If it's Stallone getting put into a non participant category for the good PR, then that wouldn't bother me.  If it's a fictional character, I'd be pissed.


----------



## Danny T (Dec 19, 2010)

Hand Sword said:


> Sylvester Stallone's "Rocky Balboa" has been voted into the boxing hall of fame along with Mike Tyson and Julio Ceasar Chavez. So far, the discussion for and against an actor who has not fought at all getting into this hall of fame has been 50/50. What are your thoughts? Like it? Dislike it? Irrelevant?



Rocky Balboa is not being inducted Sylvester Stallone is for "Cinematic Achievement in Boxing". Stallone wrote all of the Rocky films and was the executive producer and host of the boxing reality series "The Contender". He was voted in for his cinematic contribution to boxing.
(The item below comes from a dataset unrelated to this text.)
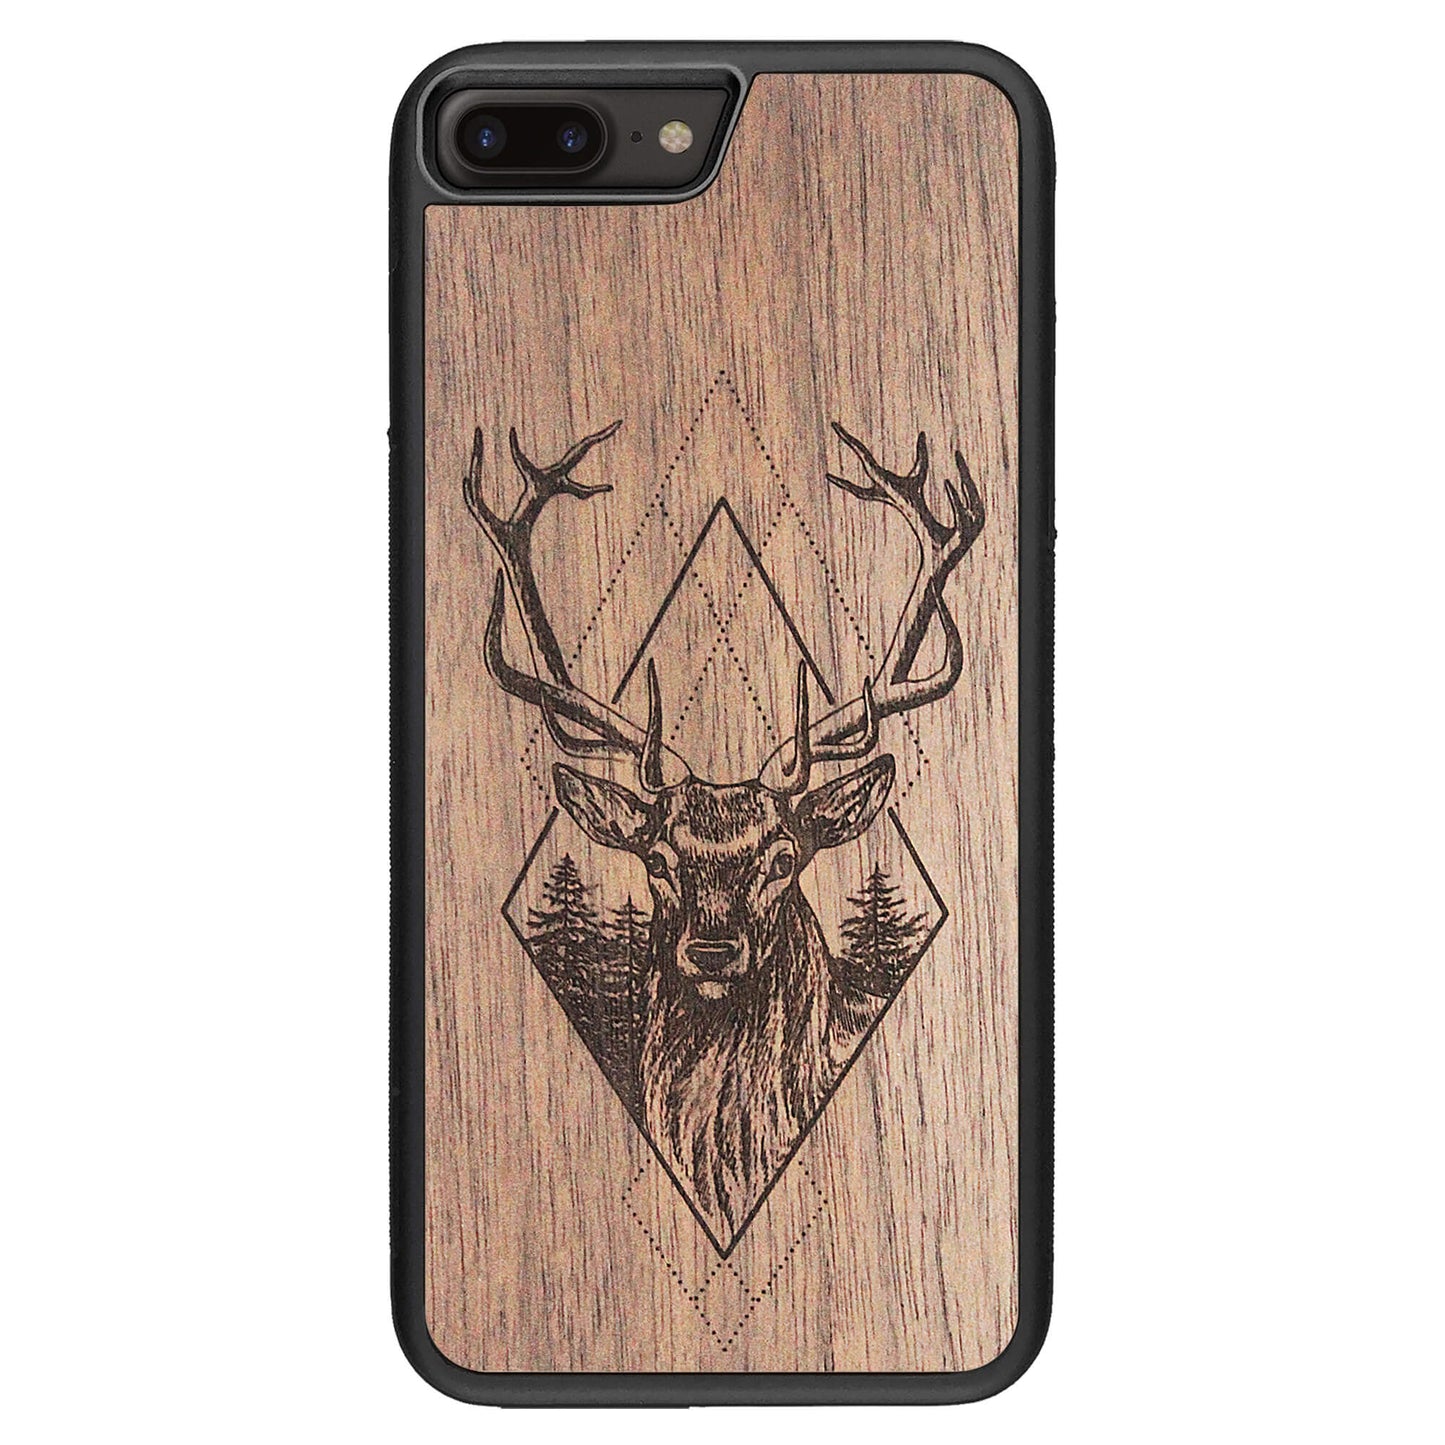 Wooden Case for iPhone 8 Plus Deer

There are 25 other "Observers" - Print and media journalists, publishers, writers,  historians, photographers and artists in the Hall of Fame including:
Howard Cosell
Larry Merchant
Bert Sugar


----------



## lklawson (Dec 20, 2010)

Danny T said:


> Rocky Balboa is not being inducted Sylvester Stallone is for "Cinematic Achievement in Boxing". Stallone wrote all of the Rocky films and was the executive producer and host of the boxing reality series "The Contender". He was voted in for his cinematic contribution to boxing.


Good to know.  Thanks.  It does make a difference.

Peace favor your sword,
Kirk


----------